It’s all about loss of elevation. Your home was likely planned to carefully sit at a certain elevation. The contractor that built your home and the engineer that signed off planned your home’s construction just right. A contractor carefully compacted the soil and another laid the perfect foundation. Subsidence and settlement are essentially two causes of changes in that elevation.

What is Subsidence?

Ground stability issues occur most commonly due to subsidence and settlement. Both subsidence and settlement are forms of soil displacement that lead to elevation changes.

Simply put, subsidence is when the elevation of land is lowered due to underground changes. Around the world, subsidence is a costly issue.  Elevation losses can range from fractions of an inch to tens of feet.

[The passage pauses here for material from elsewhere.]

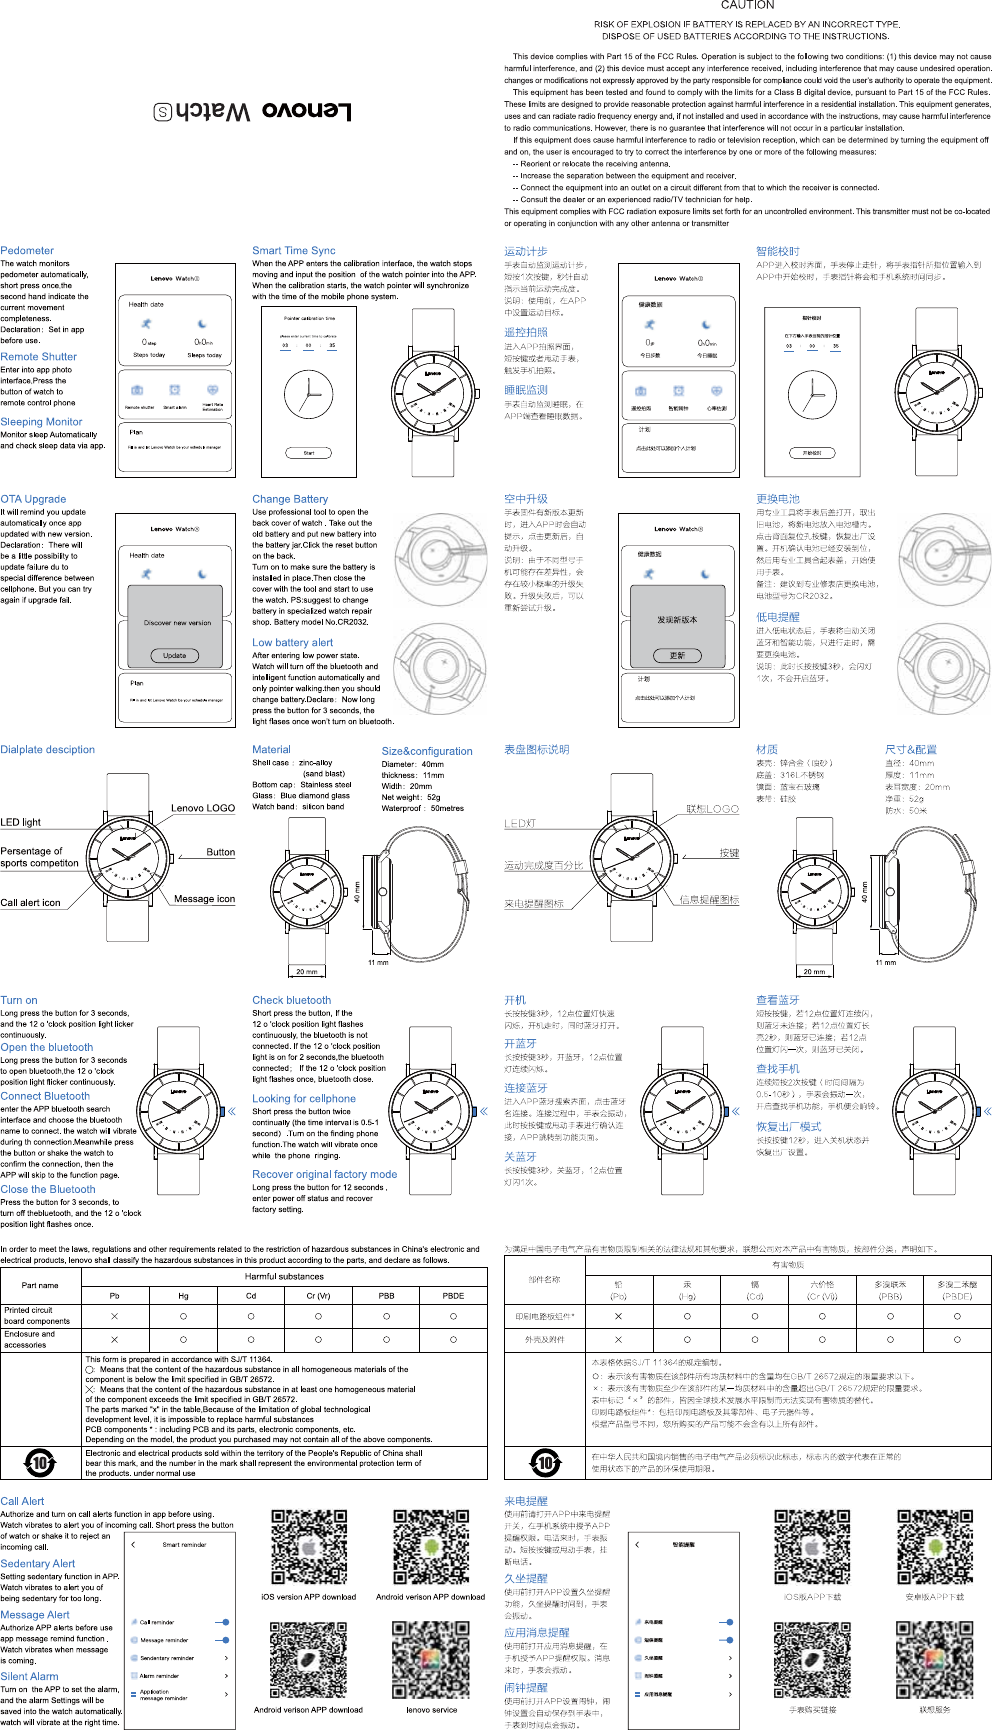 KR80 Smart Wear User Manual - High-Performance Wrist-Band Smart Watch

Subsidence doesn’t typically occur evenly or all at once. This means that some areas of soil will compress while others won’t. If this happens under your property, it can lead to certain areas of your property sinking while others stay the same. With enough subsidence, this can lead to damage to your home from driveways and patios to walls and flooring.

Natural causes can include basin-downwarp, fault movement, or sediment compaction. Man-made causes are more common. These include groundwater pumping, mining, oil and gas production, river channelisation, and surface loading. When material underground is moved, relocated, or extracted, it causes soils to compact – and your property to sink.

What is Settlement?

Settlement is very similar to subsidence in the sense that both lead to a loss of elevation. Subsidence is caused by the reduction in volume of the soil that leads to vertical displacement. 

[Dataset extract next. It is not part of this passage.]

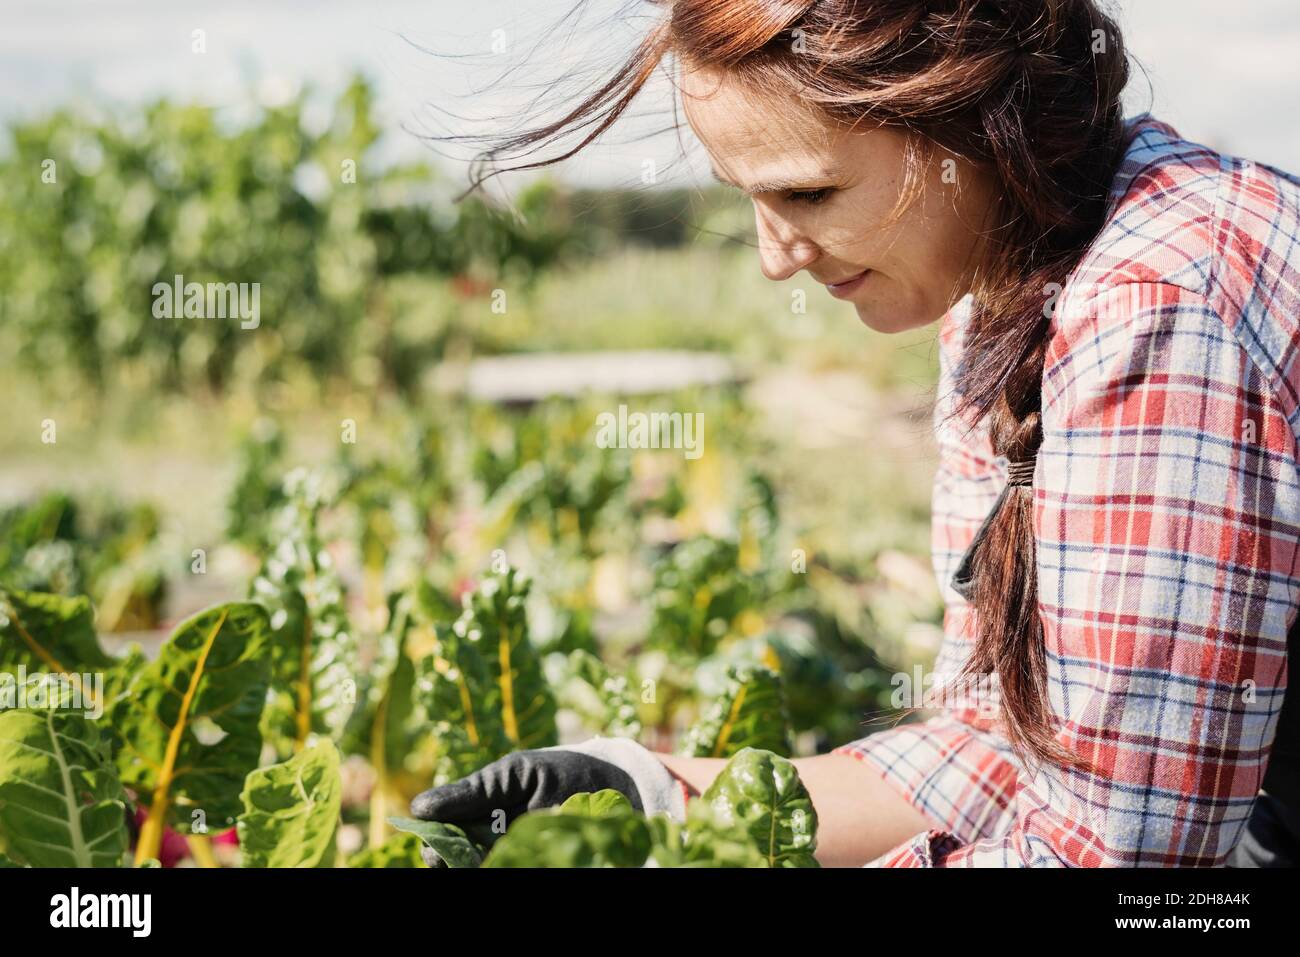 Smiling female gardener working on plants at farm Stock Photo

Some foundation settlement is perfectly normal over time. Your home is heavy, and soils can compact more over time under the weight of your home. The amount of settlement typically varies based on the types of soils under your home. Soils such as saline, non-cohesive soils, gypsum, silt, and clay can create more settlement. In contrast, bedrock will settle much less.

There are two types of settlement – uniform and differential.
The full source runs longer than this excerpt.